The thalamus is normally supplied with blood on both sides by small branches leading from the ipsilateral posterior communicating artery, as well as P1 and P2 segments of the posterior cerebral artery. The most frequent cause of injury in the thalamus is thrombosis in parts of the posterior cerebral artery. In 1973, the French neurologist Gérard Percheron (1930–2011) described a rare anatomical variant in which a single trunk from the posterior cerebral artery supplies medial parts of the thalamus and ventral parts of the mesencephalon bilaterally (1). This anatomical variant is called the artery of Percheron (illustration on left).
Percheron artery occlusion results in bilateral thalamic infarcts, a rare condition. It is rarely possible to detect arterial occlusion with diagnostic imaging, and diagnosis is made indirectly through findings of bilateral infarcts in the medial thalamus, with or without affection of the mesencephalon (2).

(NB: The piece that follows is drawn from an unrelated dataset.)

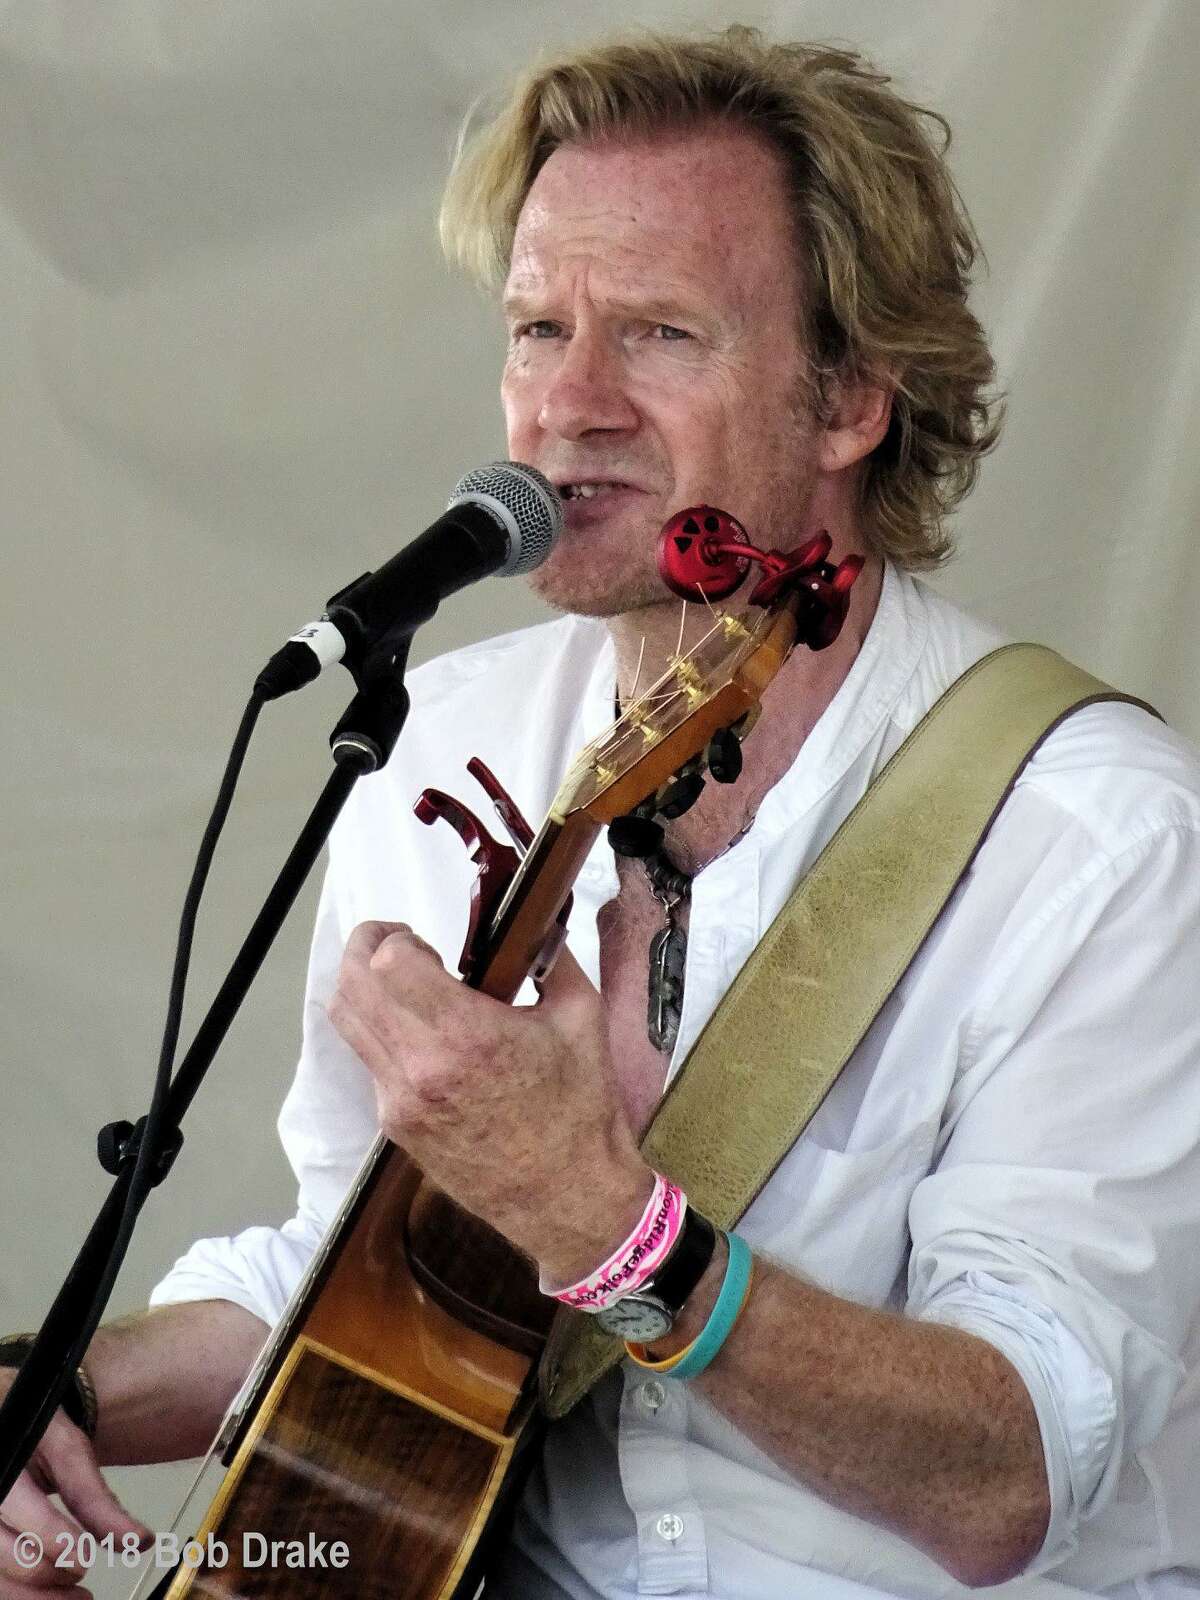 Traveling troubadour Rupert Wates appears at Voices Cafe in Westport at 8 p.m. Saturday, Dec. 8.

The symptoms can be dramatic, with acute onset of coma in addition to focal neurological, neuropsychological and ophthalmological signs (abnormal pupillary light reflexes, reduced ocular motility, or ptosis). Early diagnosis can be challenging, as the clinical disease picture is unusual and radiological examinations in the initial phase may not yield definitive pathological findings (3).
Our patient was a man in his late sixties who abruptly lost consciousness while on holiday abroad. He was quickly collected by ambulance and driven to the nearest hospital. Thrombolytic therapy was not initiated because the cause of his loss of consciousness was unclear. He was intubated on arrival and the left pupil was observed to be more dilated than the right one. CT head and CT angiography performed on the day of admission yielded no relevant pathological findings. Head MRI on day 4 of the hospitalisation showed infarcts bilaterally in the medial thalamus (image on right).

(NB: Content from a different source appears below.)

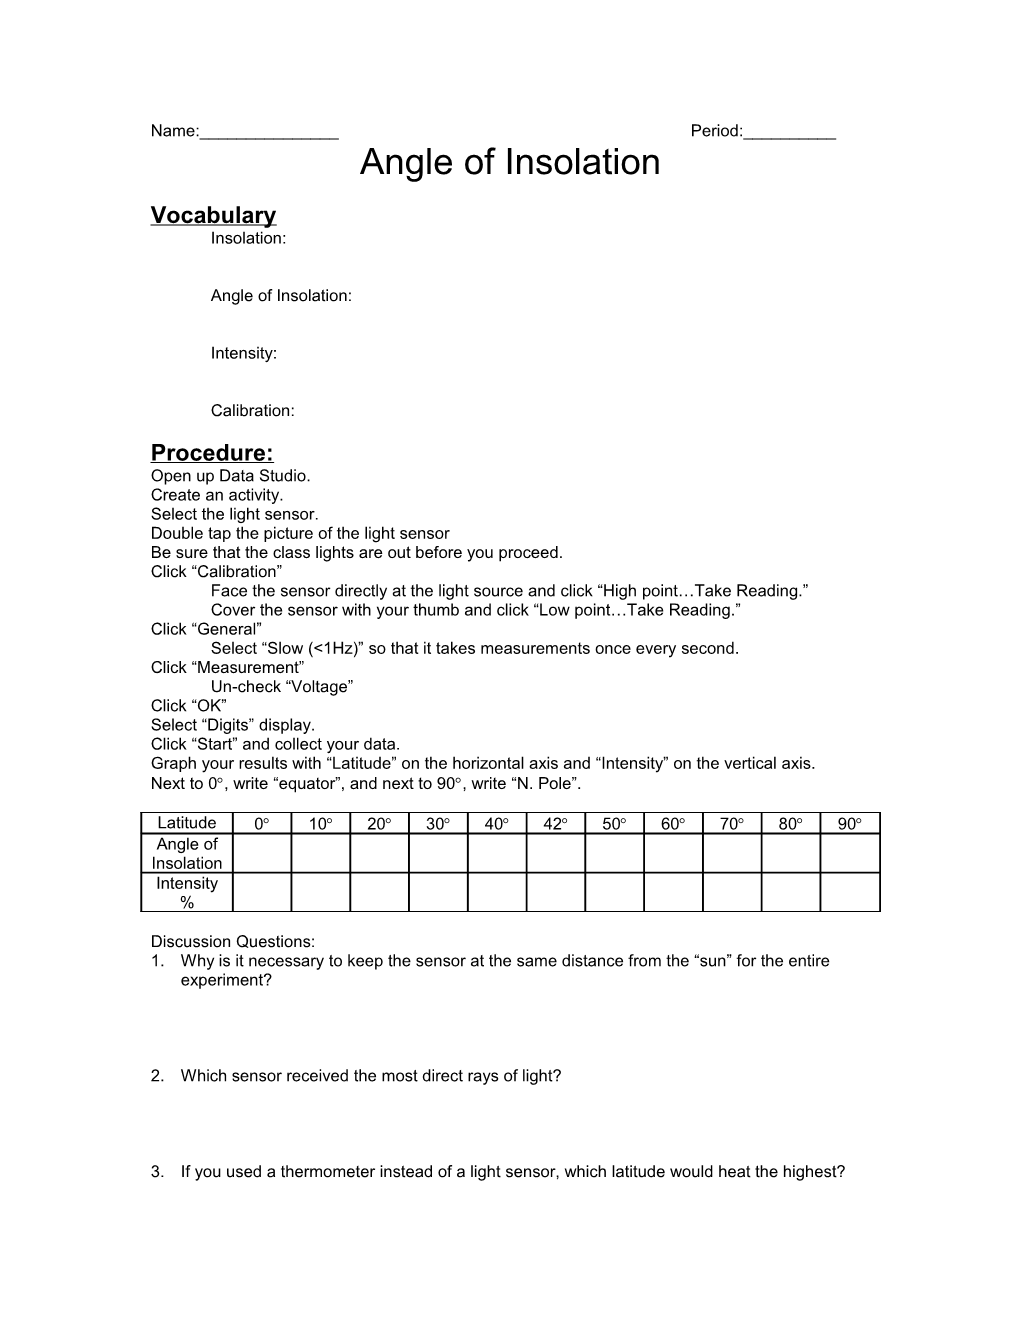 Angle of Insolation

The patient was extubated on day 5 and transferred to a local hospital in Norway 14 days later. He had partial tetraplegia with reduced function in the left-sided extremities and paralysis in the right-sided extremities. He was unable to open his eyes, but his vision was intact if the eyelids were lifted for him. His level of consciousness fluctuated, but gradually improved. His swallowing function gradually returned but did not normalise completely. A PEG tube was therefore inserted. With physiotherapy he eventually managed to walk 50 m using a walking frame. The patient’s functional level was too low to benefit from the rehabilitation department, and he was placed permanently in a nursing home. The disease course was complicated with recurrent aspiration pneumonia, and he died approximately one year later.